The typical installation only isolates the center rails, the outside rails are normally common throughout a layout. If you run TMCC/Legacy, this is really mandatory.


----------



## gunrunnerjohn (Nov 10, 2010)

In reviewing the thread, I have another thought. Electronically controlled transformers tend to get testy when you connect their inputs together. I'll bet, assuming phasing is correct, that a couple of PW transformers like the 1033 or similar, would solve this problem on the spot.


----------



## servoguy (Jul 10, 2010)

What you are doing with two transformers is not recommended. What is better is to be able to switch both loops to one transformer using a single pole, double throw switch. 

Also, for all you guys unfamiliar with 022 switch non-derailing operation, each switch has two plastic pins, one in the straight path and one in the divergent path. When you mate two switches together, you will have the outside rails totally isolated due to having plastic pins in both outside rails, and if you want to isolate the two sections at the switch junction, the center pin will also be plastic. So a jumper needs to be added between the outside rails of both sections to connect the outside rails together. 

If you use the SPDT (single pole, double throw) switch to switch the power to the center rail, you do not have to be concerned about the phasing, but I believe it is good practice to have the transformers phased the same. It can prevent problems if there are mistakes during operation.


----------



## gunrunnerjohn (Nov 10, 2010)

Bruce, for command control, your solution is simply not a solution. You need continuous power, and having a switch for every transition isn't going to work. You could have multiple locomotives on each of the power districts. Having multiple transformers powering independent power districts is a fact of life, and works very well I might add. For both Legacy and DCS, the transition between similar transformer voltages is seamless and you don't even see it. Even with the ZW-C powering independent power districts, no problems arise in normal operation.


----------



## servoguy (Jul 10, 2010)

I was assuming we were talking about conventional operation here. Did I miss something?


----------



## gunrunnerjohn (Nov 10, 2010)

I don't know. However, for conventional or command, there should be no reason to have issues transitioning blocks with separate transformers, countless layouts do it successfully.


----------



## BigAl56 (Dec 14, 2011)

> The two loops are blocked with insulators - all three rails.

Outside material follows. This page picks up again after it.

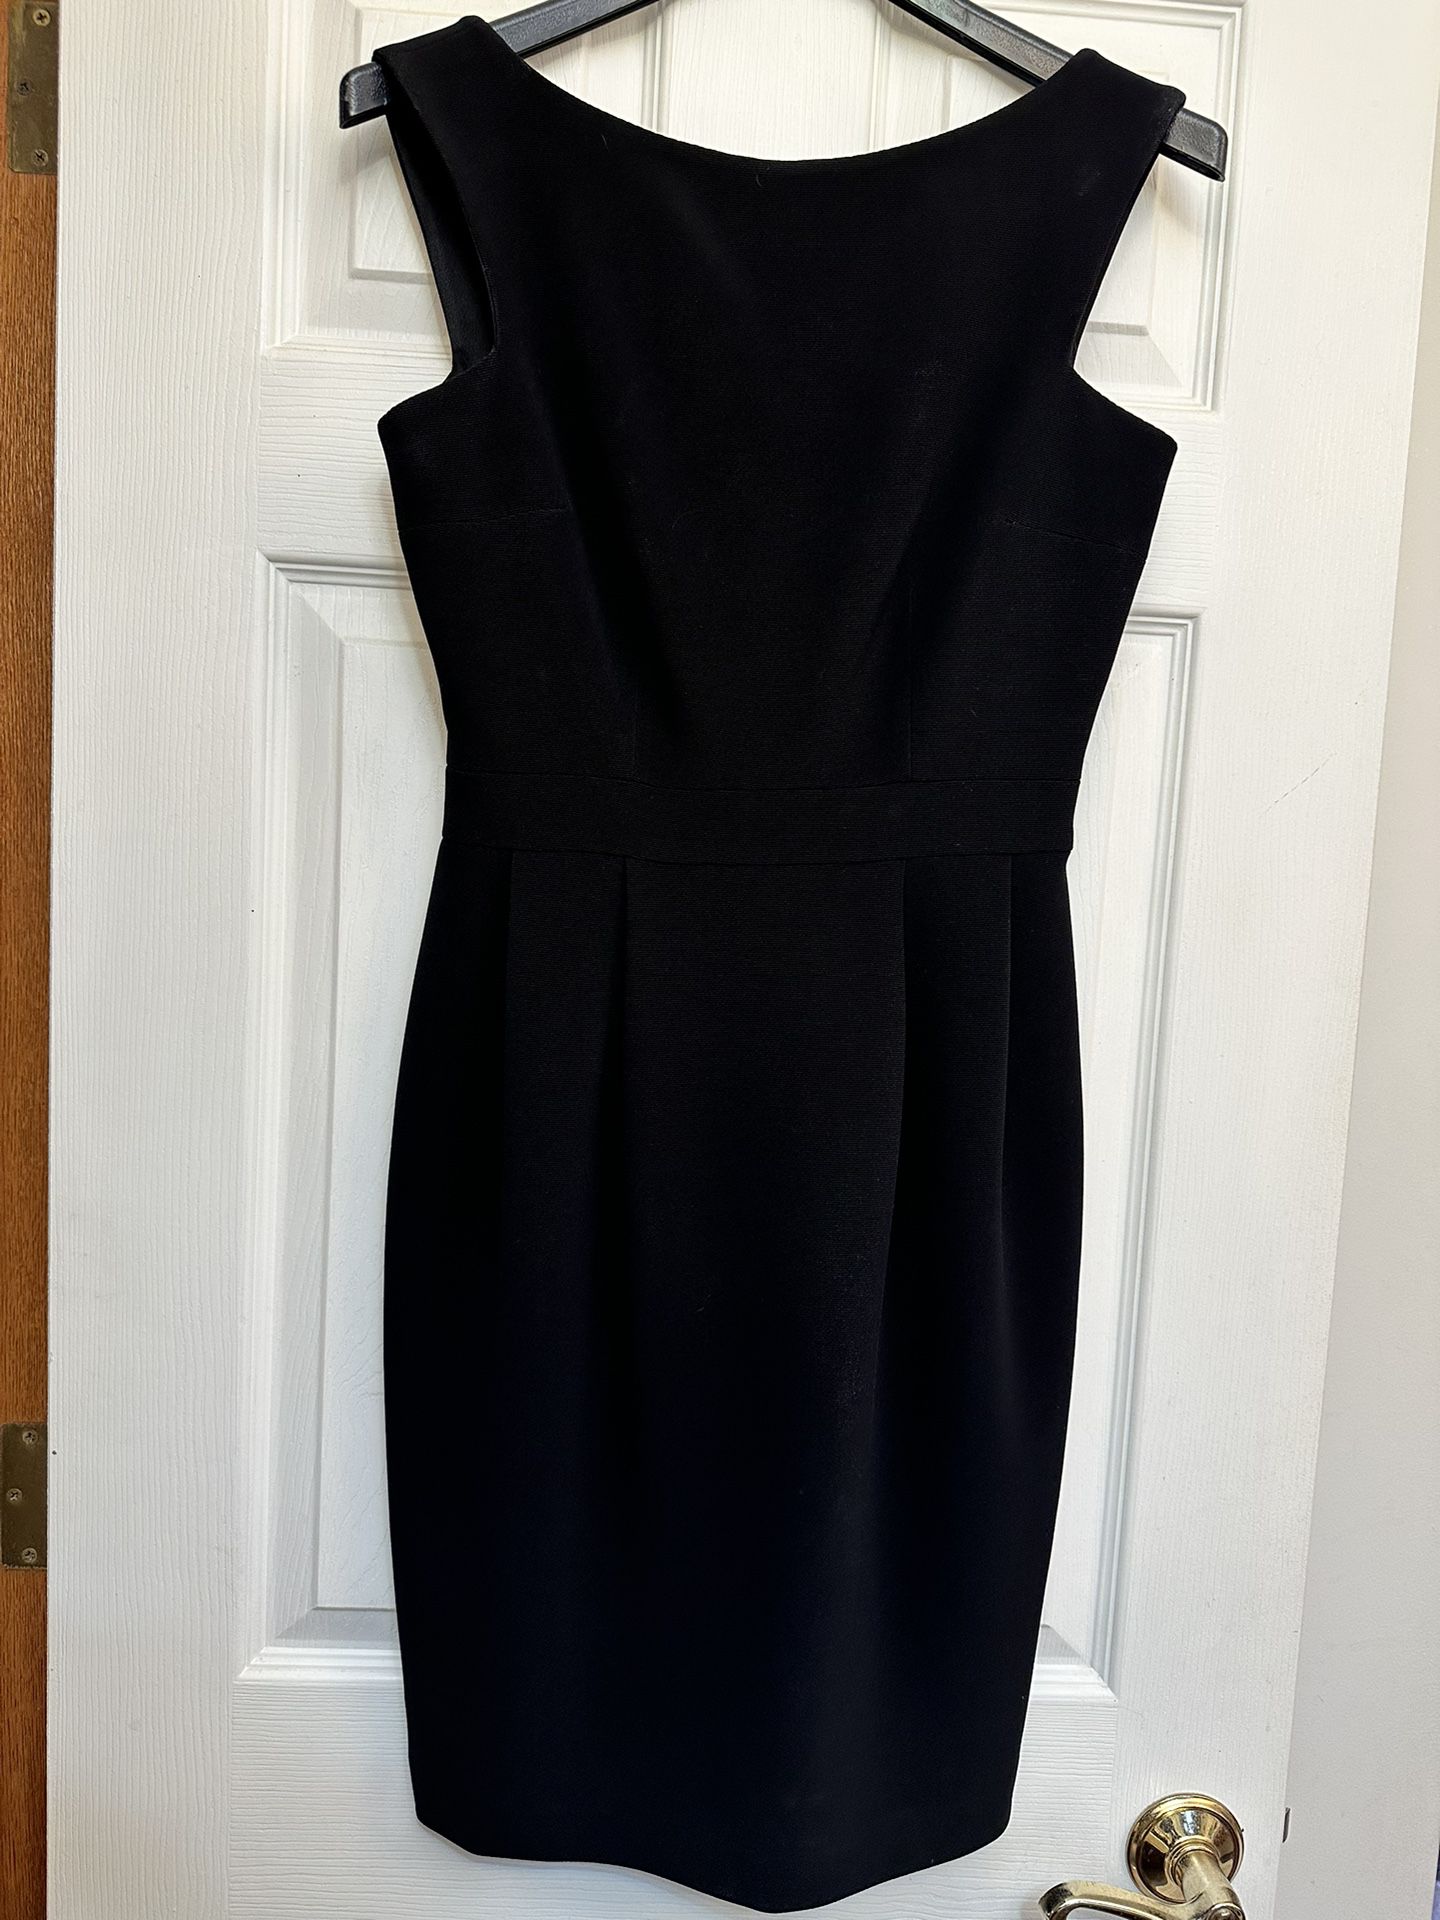 Nordstrom‘S Little Black Dress

Once you have tested and verified the phasing remove all insulators on the outer rails except where switches require them. The outer rail should be common to the entire layout.


----------



## nrandel (Jan 6, 2012)

Last week at a run meet I took a wire and went from black to black terminal on the cabs. Then I took another wire and went from the red terminal on one cab and touched the red terminal on the other cab and it shorted out both cabs - the green light was blinking. What's my next step.


----------



## BigAl56 (Dec 14, 2011)

Could be a reverse wired transformer. Since the plugs are polarized try connecting black to red and visa versa. If that works try filing down one of the wider plug leads and reversing it. Then try red to red black to black again.


----------



## servoguy (Jul 10, 2010)

I would use a meter rather than cut and try. Much safer for the equipment.

Did you have the output voltages of both transformers the same?


----------